EBOOK – REDIS IN ACTION

This book covers the use of Redis, an in-memory database/data structure server.

open all | close all

7.4.2 Approaching the problem like search

In section 7.3.3, we used SETs and ZSETs as holders for additive bonuses for optional
targeting parameters. If we’re careful, we can do the same thing for groups of
required targeting parameters.

Rather than talk about jobs with skills, we need to flip the problem around like we
did with the other search problems described in this chapter. We start with one SET
per skill, which stores all of the jobs that require that skill. In a required skills ZSET, we
store the total number of skills that a job requires. The code that SETs up our index
looks like the next listing.

Listing 7.18A function for indexing jobs based on the required skills
def index_job(conn, job_id, skills):
    pipeline = conn.pipeline(True)
    for skill in skills:
        pipeline.sadd('idx:skill:' + skill, job_id)

Add the job ID to all appropriate skill SETs.

    pipeline.zadd('idx:jobs:req', job_id, len(set(skills)))

Add the total required skill count to the required skills ZSET.

    pipeline.execute()

This indexing function should remind you of the text indexing function we used in
section 7.1. The only major difference is that we’re providing index_job() with pretokenized
skills, and we’re adding a member to a ZSET that keeps a record of the number
of skills that each job requires.

To perform a search for jobs that a candidate has all of the skills for, we need to
approach the search like we did with the bonuses to ad targeting in section 7.3.3.
More specifically, we’ll perform a ZUNIONSTOREoperation over skill SETs to calculate a
total score for each job. This score represents how many skills the candidate has for
each of the jobs.

Because we have a ZSET with the total number of skills required, we can then perform
a ZINTERSTORE operation between the candidate’s ZSET and the required skills
ZSET with weights -1 and 1, respectively. Any job ID with a score equal to 0 in that final
result ZSET is a job that the candidate has all of the required skills for. The code for
implementing the search operation is shown in the following listing.

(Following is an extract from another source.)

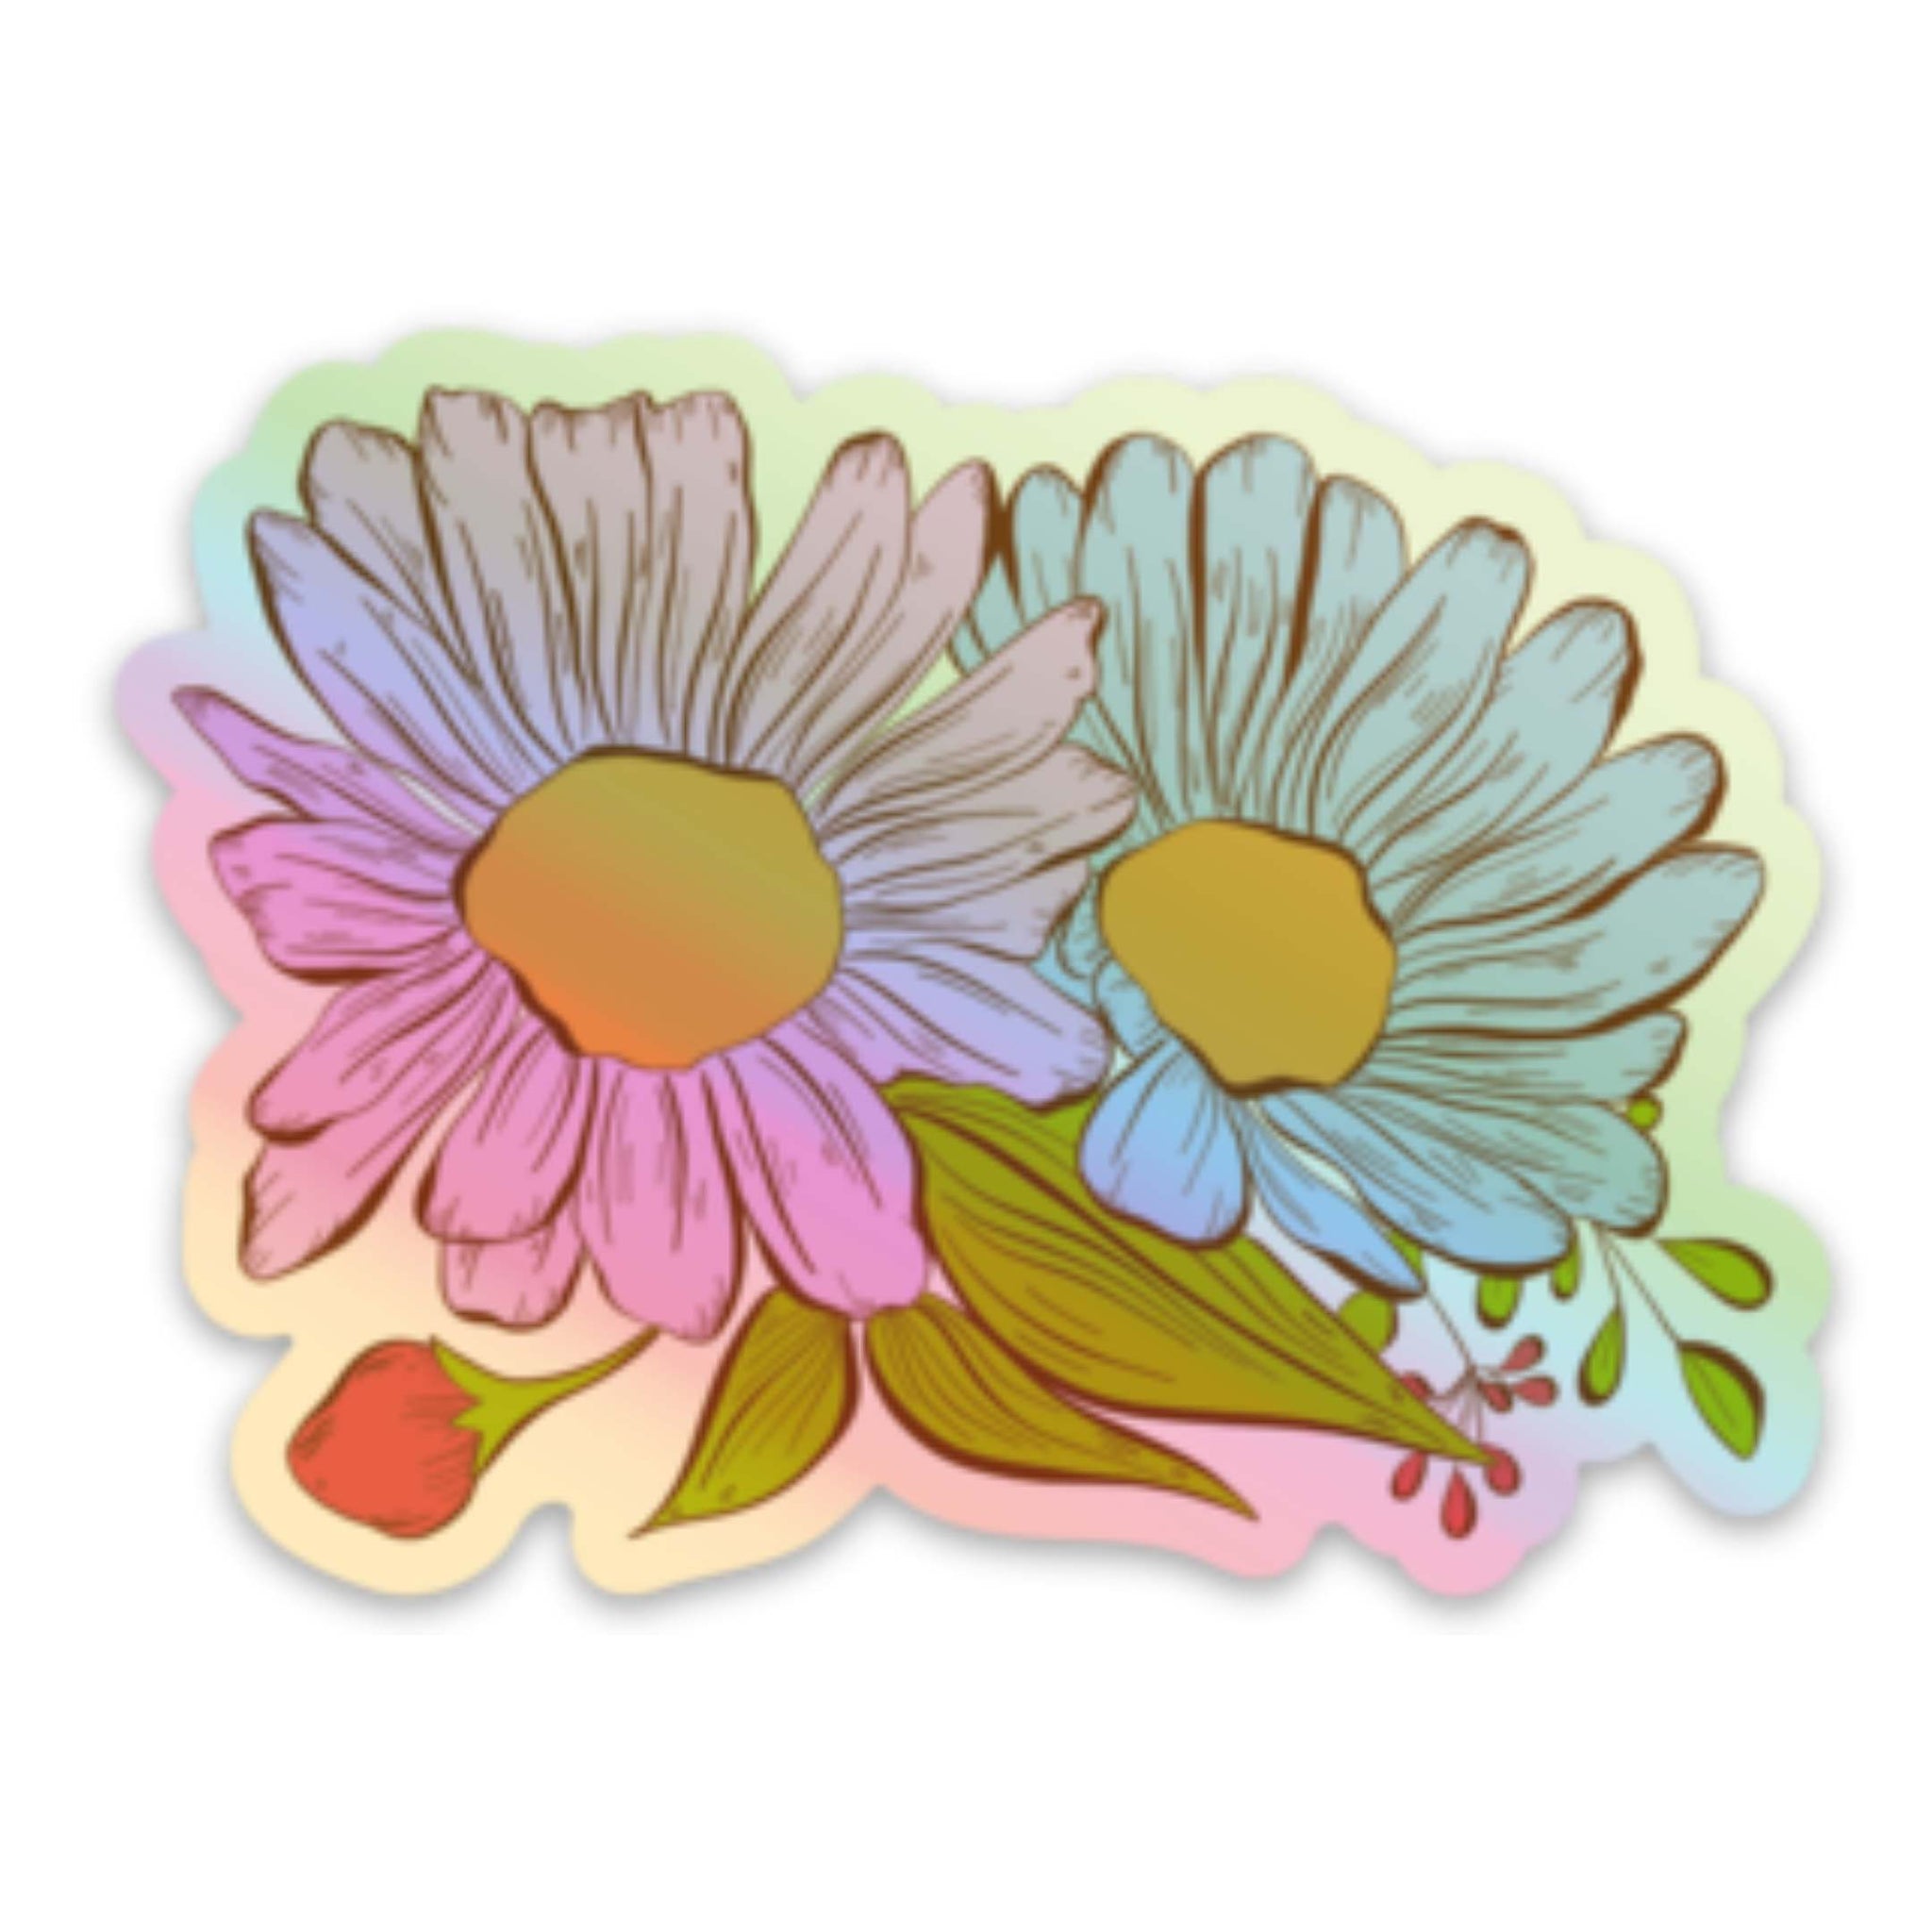 Sticker 2-Pack: Tread Lightly Mushroom & Wildflower Stickers
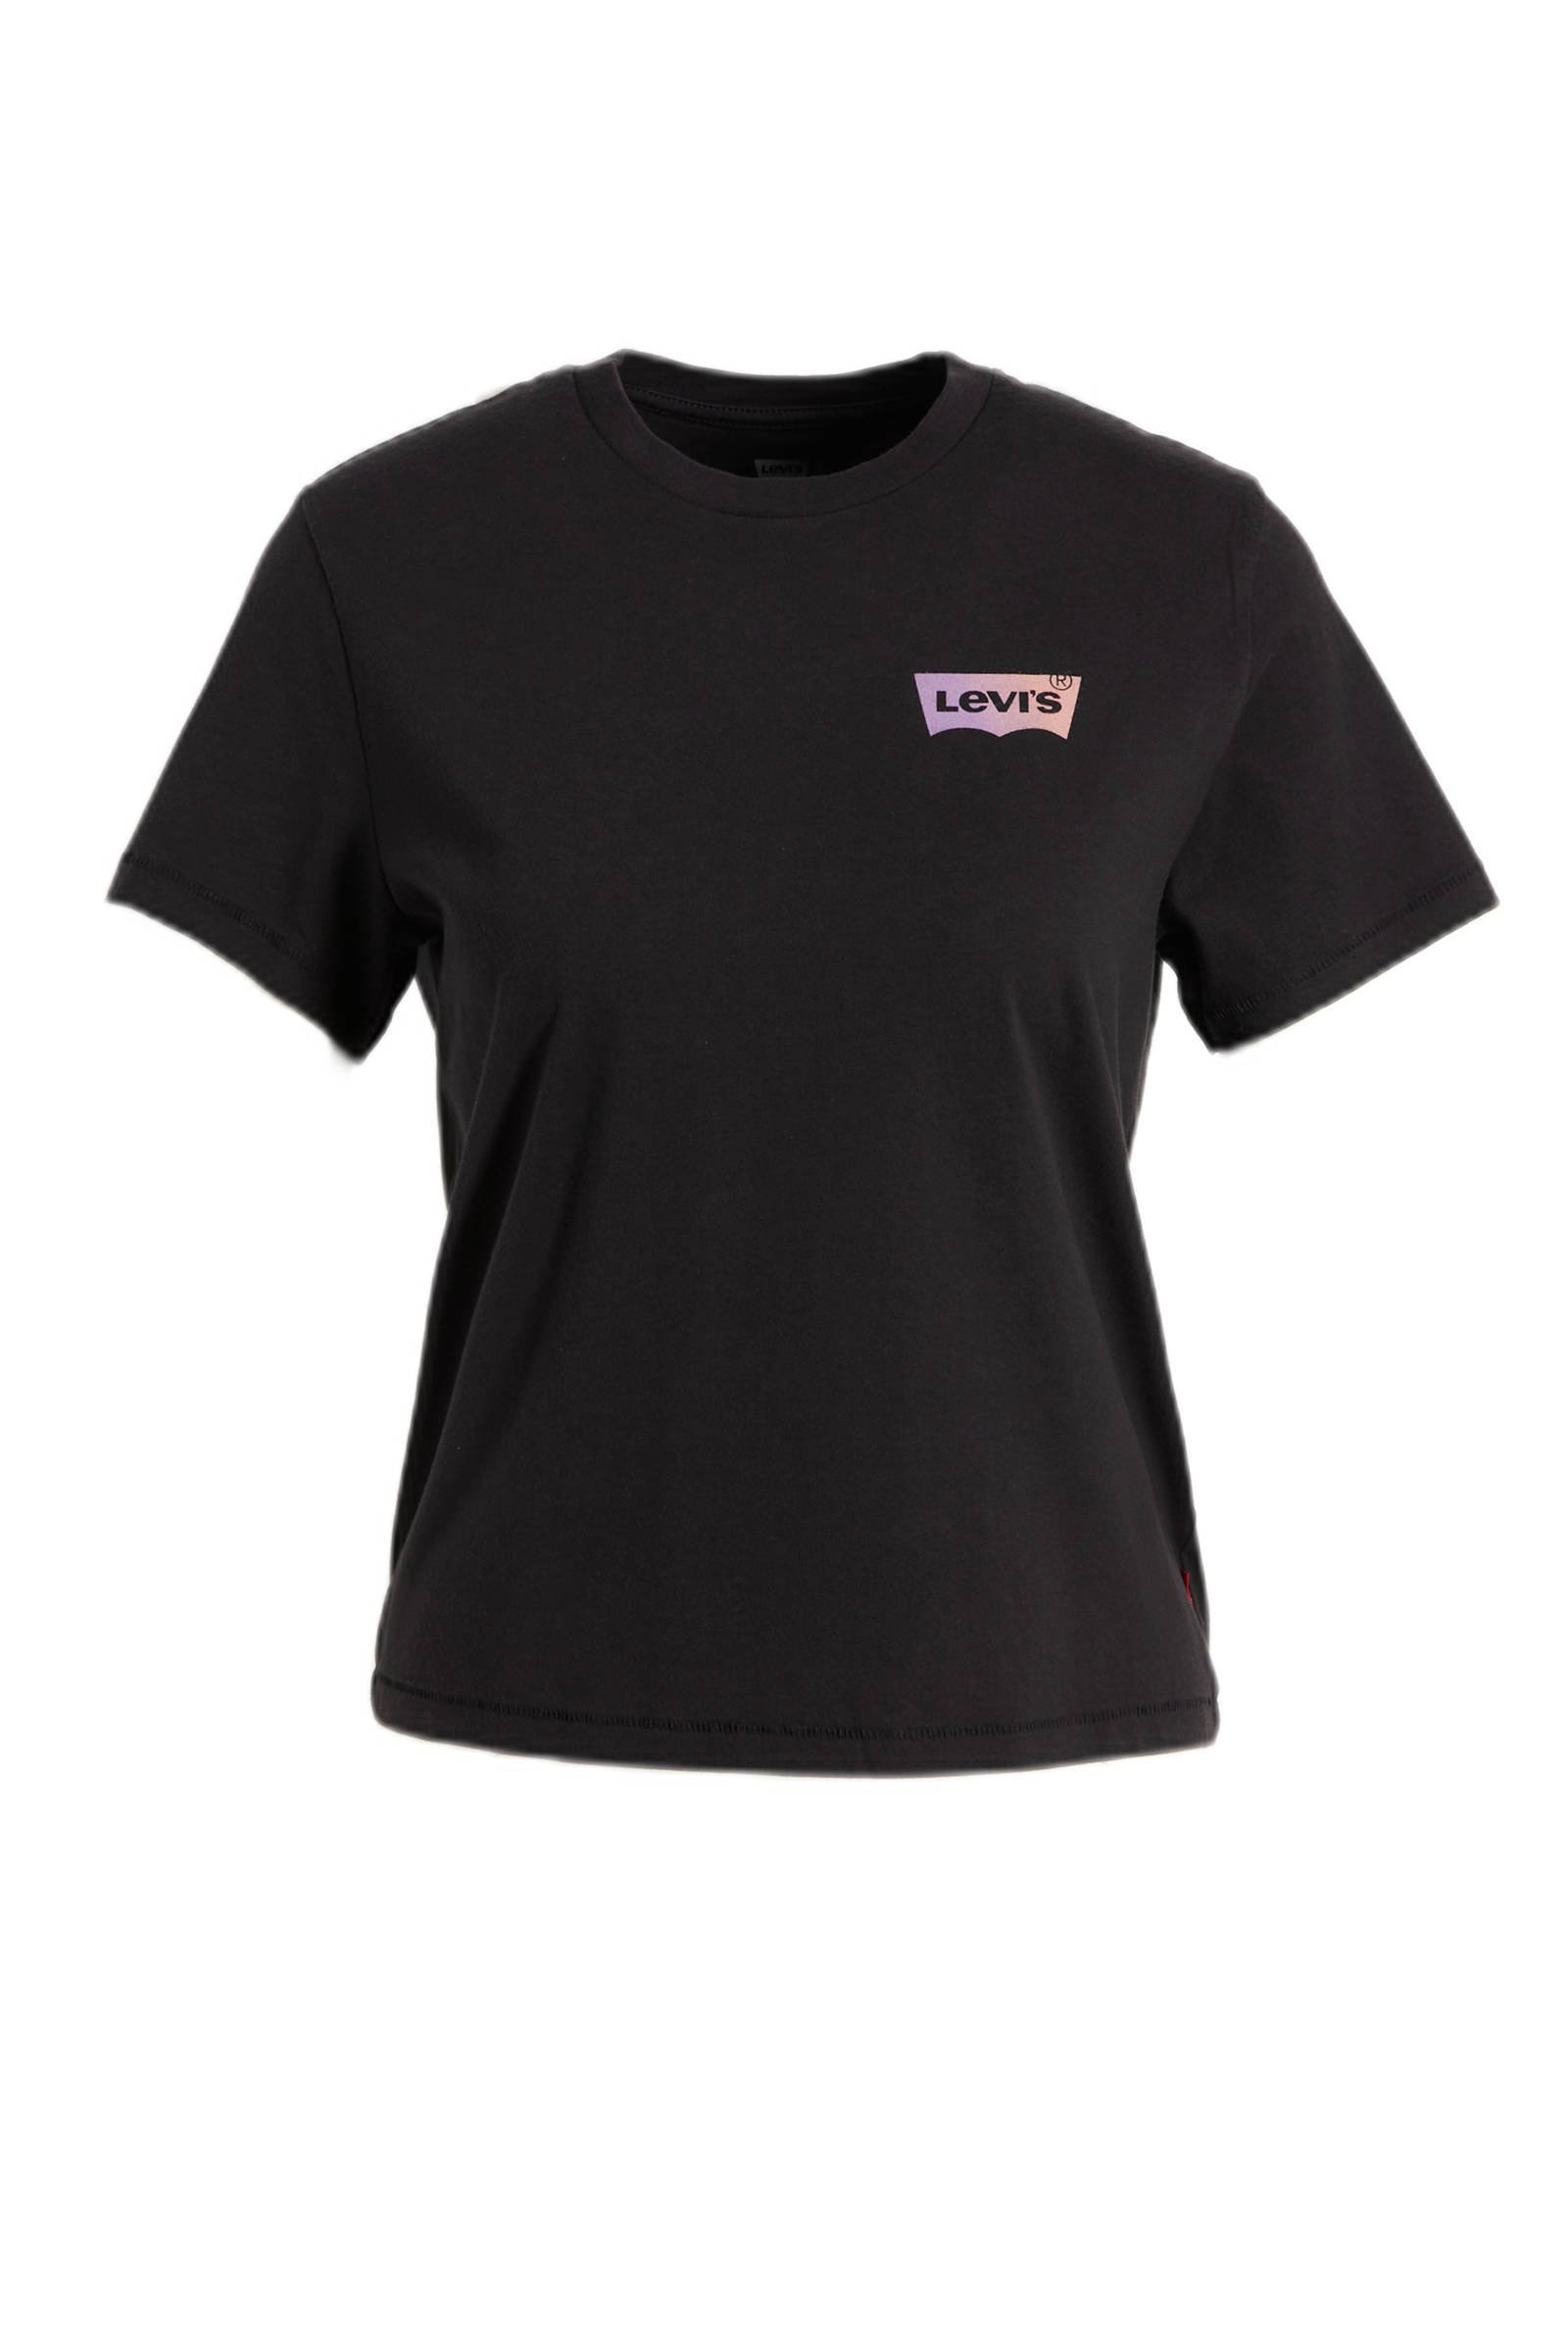 Levi\u2019s T-shirt roze-zwart gestreept patroon casual uitstraling Mode Shirts T-shirts Levi’s

Listing 7.19Find all jobs that a candidate is qualified for
def find_jobs(conn, candidate_skills):
    skills = {}
    for skill in set(candidate_skills):
        skills['skill:' + skill] = 1

Set up the dictionary for scoring the jobs.

    job_scores = zunion(conn, skills)

Calculate the scores for each of the jobs.

    final_result = zintersect(
        conn, {job_scores:-1, 'jobs:req':1})

Calculate how many more skills the job requires than the candidate has.

    return conn.zrangebyscore('idx:' + final_result, 0, 0)

Return the jobs that the candidate has the skills for.

Again, we first find the scores for each job. After we have the scores for each job, we
subtract each job score from the total score necessary to match. In that final result,
any job with a ZSET score of 0 is a job that the candidate has all of the skills for.

Depending on the number of jobs and searches that are being performed, our jobsearch
system may or may not perform as fast as we need it to, especially with large
numbers of jobs or searches. But if we apply sharding techniques that we’ll discuss in
chapter 9, we can break the large calculations into smaller pieces and calculate partial
results bit by bit. Alternatively, if we first find the SET of jobs in a location to search for
jobs, we could perform the same kind of optimization that we performed with ad targeting
in section 7.3.3, which could greatly improve job-search performance.

Exercise: Levels of experience

A natural extension to the simple required skills listing is an understanding that skill
levels vary from beginner to intermediate, to expert, and beyond. Can you come up
with a method using additional SETs to offer the ability, for example, for someone
who has as intermediate level in a skill to find jobs that require either beginner or
intermediate-level candidates?

Exercise: Years of experience

Levels of expertise can be useful, but another way to look at the amount of experience
someone has is the number of years they’ve used it. Can you build an alternate
version that supports handling arbitrary numbers of years of experience?